◆ DESCRIPTION OF THE TASK:
Of the lines in the data below, write out exactly those from the one holding "181125) -- HAMILTON" through the one holding "砂山（中山晋平・山田耕筰） (ｳｸﾚﾚｿﾛ /", both included.

◆ LISTED ENTRIES:

================================

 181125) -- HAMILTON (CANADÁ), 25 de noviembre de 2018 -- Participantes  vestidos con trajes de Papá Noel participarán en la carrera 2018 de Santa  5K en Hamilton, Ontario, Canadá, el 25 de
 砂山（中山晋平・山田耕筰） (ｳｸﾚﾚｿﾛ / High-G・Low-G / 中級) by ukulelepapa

================================

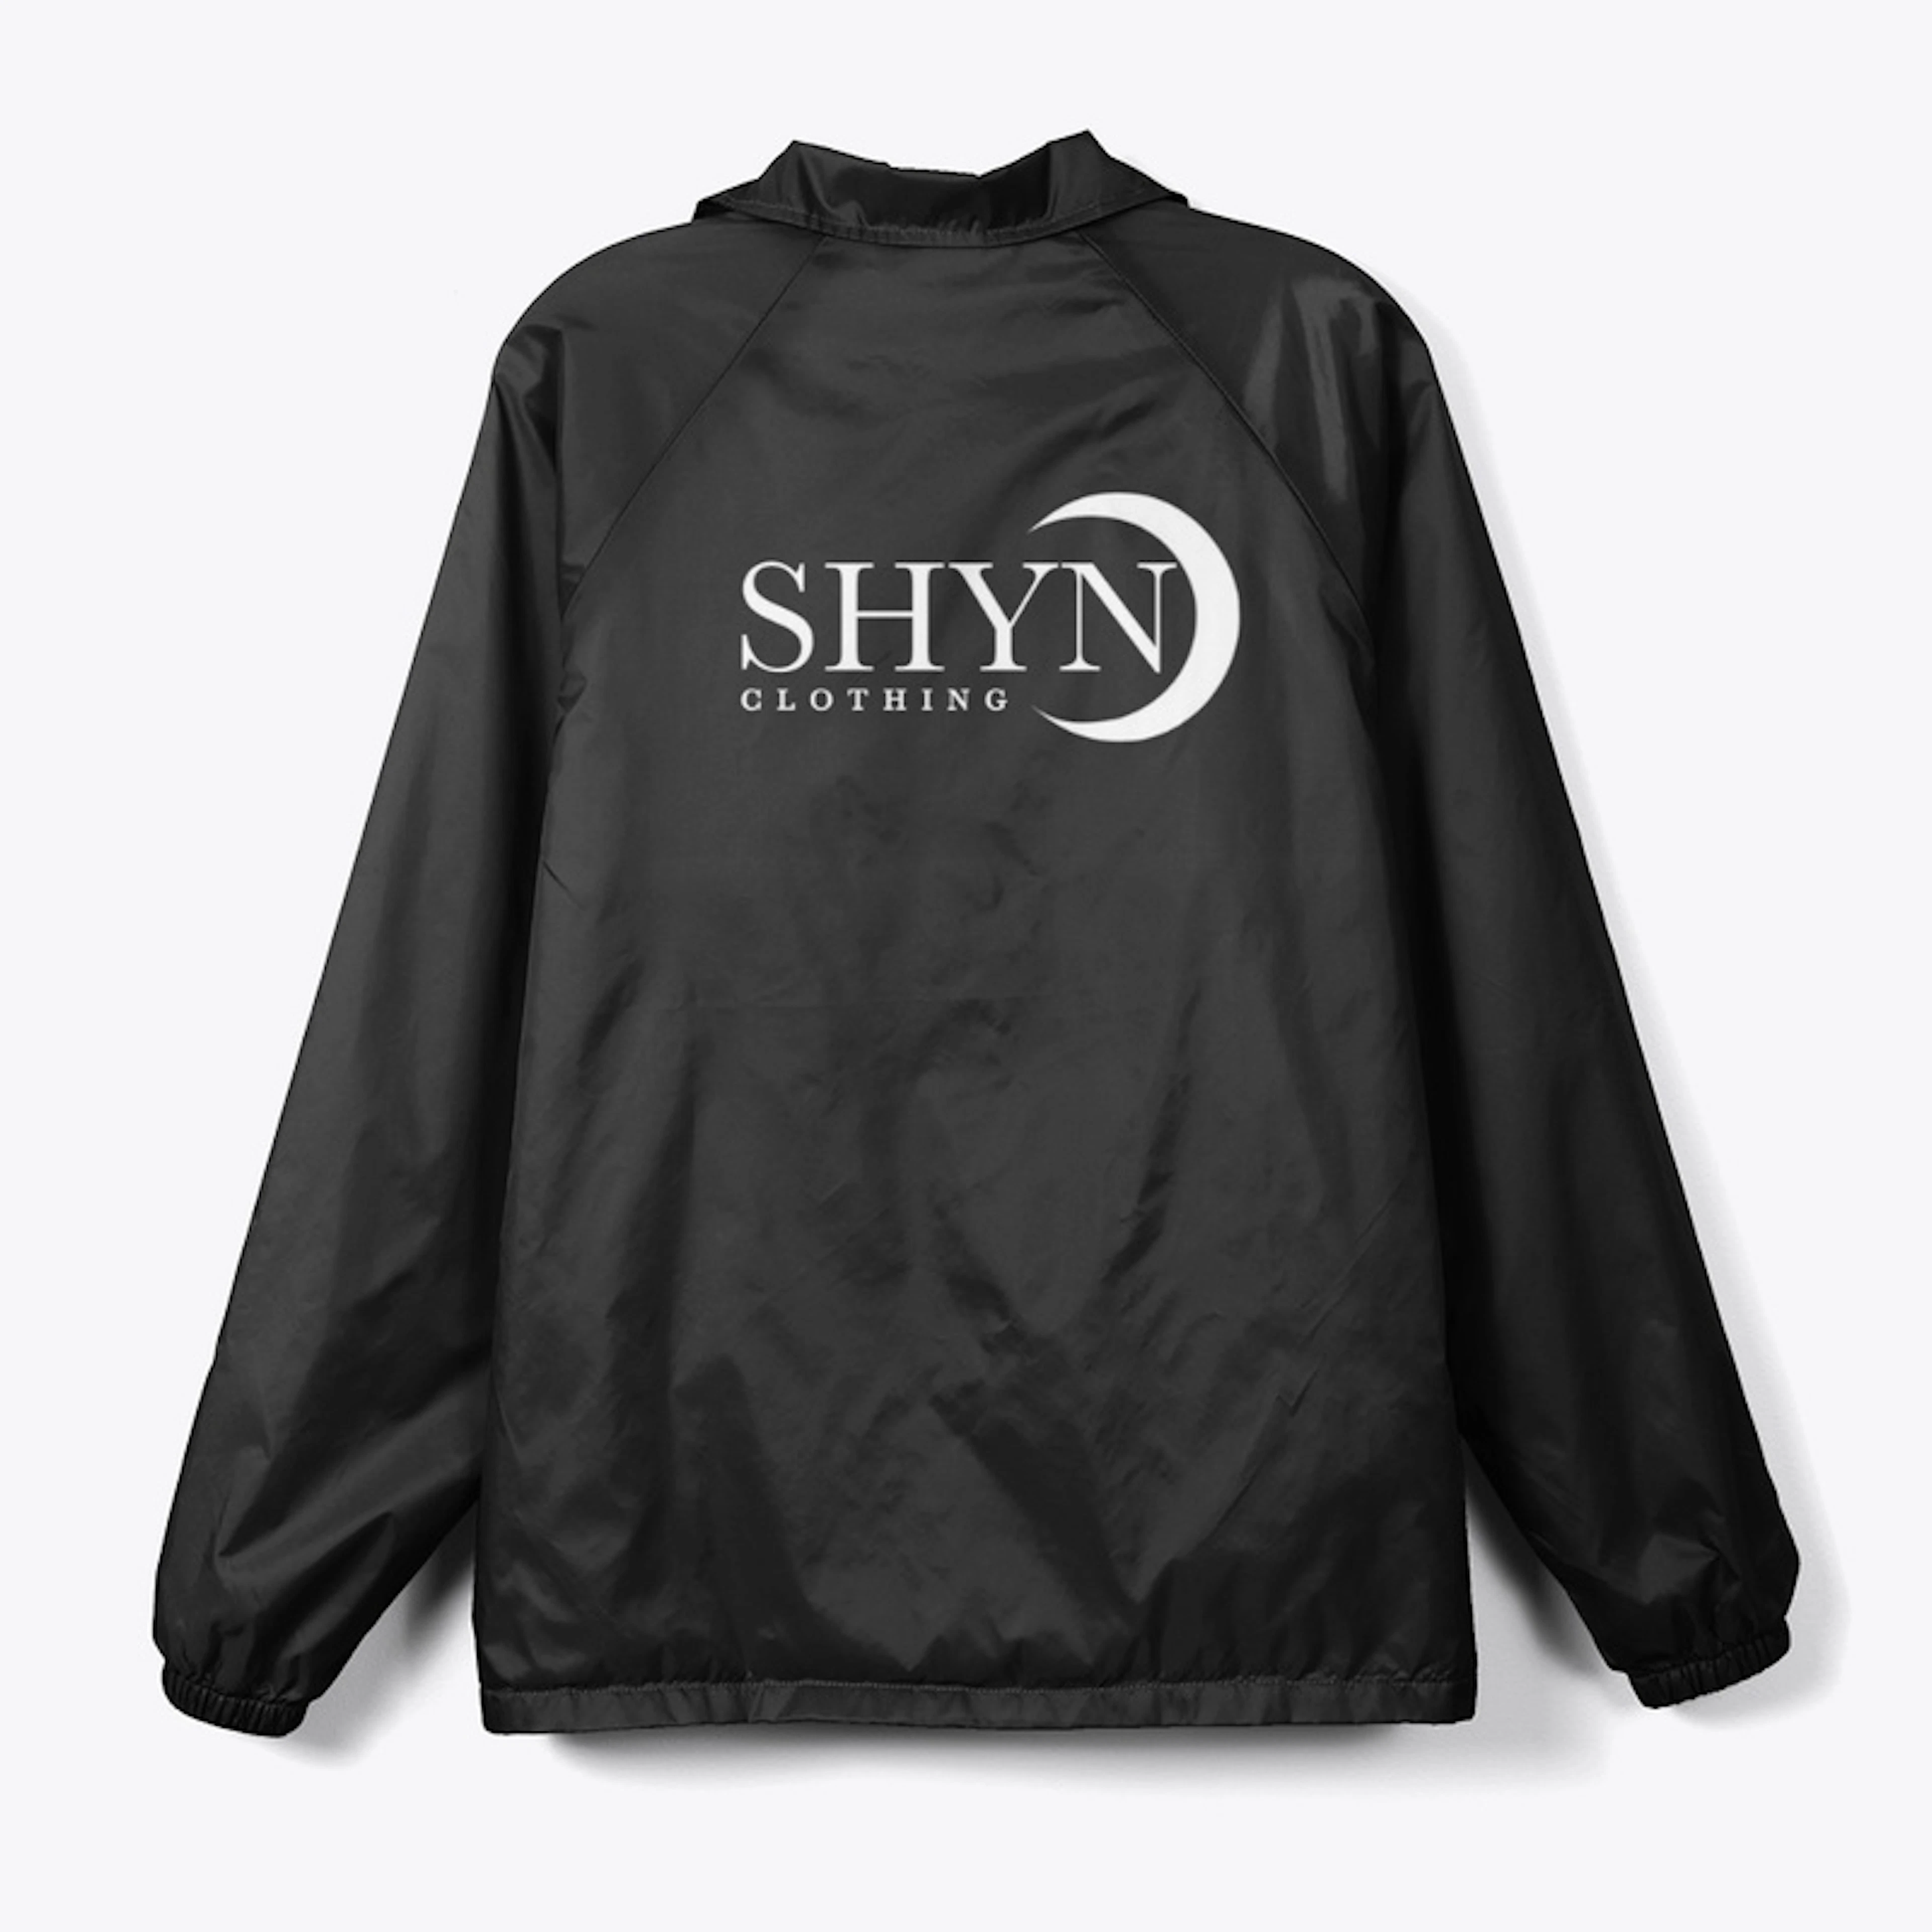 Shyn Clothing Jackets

================================

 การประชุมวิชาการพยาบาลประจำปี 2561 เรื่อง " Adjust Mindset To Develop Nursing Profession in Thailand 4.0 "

================================

◆ PROBLEM SOLUTION:
 181125) -- HAMILTON (CANADÁ), 25 de noviembre de 2018 -- Participantes  vestidos con trajes de Papá Noel participarán en la carrera 2018 de Santa  5K en Hamilton, Ontario, Canadá, el 25 de
 砂山（中山晋平・山田耕筰） (ｳｸﾚﾚｿﾛ / High-G・Low-G / 中級) by ukulelepapa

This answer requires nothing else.